Plaque tribute to Nelly Power, the forgotten music hall star
19th-century performer was ‘a really important female star in a male-dominated profession’
25 August, 2017 — By Emily Finch
Nelly died tragically young, only for song she performed to be made famous by Marie Lloyd. PICTURE: THE MUSIC HALL GUILD THEATRE ARCHIVE
A FORGOTTEN music hall star whose song was featured in a recent BBC drama was celebrated this week with the installation of a commemorative plaque at her former home.
Nelly Power graced the stages of Drury Lane and the Strand, becoming one of the most sought-after names of the 19th century, enthralling audiences with her voice and burlesque costumes.
Burlesque in the Victorian era was characterised by over-the-top dramatics and singing where performers spoofed serious plays or the politics of the day. It mostly appealed to working-class audiences.
Nelly began performing at the age of eight. By the time she died in 1887 at just 32 she was so popular that thousands lined the streets of Hackney and Islington for her funeral at Abney Park Cemetery in Stoke Newington.
But in the following decades she became virtually unknown, overshadowed by music hall stars who lived longer or were born later so their performances survived in audio recordings.
“She was a really important female star in a male-dominated profession. She held her own. When you look at the level of success she had or her profile, she was billed at the same level as the biggest men at the time,” says theatre historian Matthew Neil.
Now, her name lives on through a blue plaque installed at 97 Southgate Road, Canonbury, by The Music Hall Guild of Great Britain and America. Nelly shared the house with her mother, Agnes Power, in the 1870s. Following a failed marriage to an unscrupulous Israel Barnett, Nelly became devoted to her mother.
In separation documents, Nelly described Israel as someone who failed to support her and as having “great pecuniary difficulties”. Her other homes in Essex Road and Downham Road were destroyed by bombs or redeveloped.
As a young star, Nelly first performed in the panto Hop of My Thumb, based on a French fairy-tale in which a child abandoned by his family defeats a carnivorous ogre.
Similar to the hard-done-by people she played, Nelly lived a tough life, with her railway-clerk father dying before she was born while her two siblings passed away at the ages of two and three.
“You can’t underestimate how hard it was for these performers. There was no welfare state, so they always had to be able to deliver. If they didn’t perform, they didn’t eat. She worked hard and gave an awful lot for her art,” says Mr Neil, a chairman of The Music Hall Guild.
Following a bout of illness, reviewers described her comeback at Piccadilly’s Trocadero Theatre in the 1870s as “bright and dashing” while she “ensures a hearty reception wherever she appears”.

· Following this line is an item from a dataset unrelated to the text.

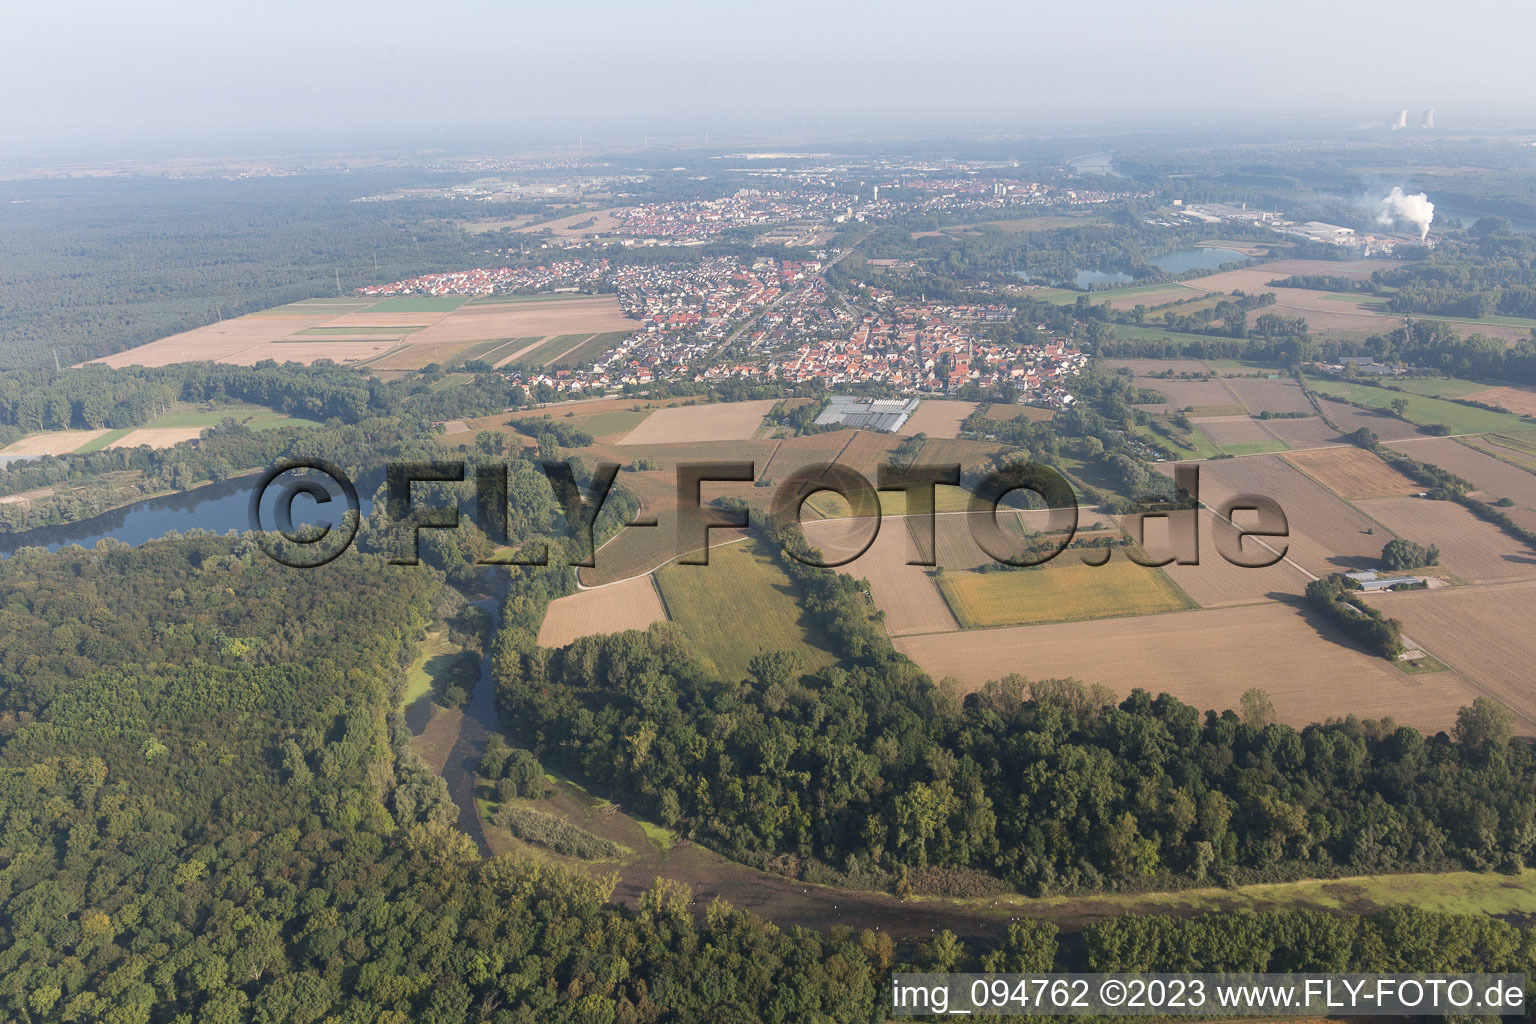 Ortsteil Sondernheim in Germersheim im Bundesland Rheinland-Pfalz, Deutschland von einer Drohne aus

Nelly should have become famous for singing The Boy I Love Is Up In The Gallery, penned by her agent, George Ware, in 1885. But Nelly died just two years later and the song became associated with Marie Lloyd.
The tune uses rhyme to charmingly depict being in love but penniless and was featured in the BBC Two series Peaky Blinders, set in Birmingham just after World War I.
Nelly also performed in men’s clothes for the popular tune La-di-da, where she parodied a dandy – a stylish looking man who was in fact destitute.
“It was common to have cross-dressing at the time. Nelly played Sinbad in a pantomime on Drury Lane too,” says Mr Neill. He said the music hall era’s most famous male impersonator, Vesta Tilly, learnt how to cross-dress from Nelly.
Nelly died in mid-winter from pleurisy, a lung disease which had no cure at the time.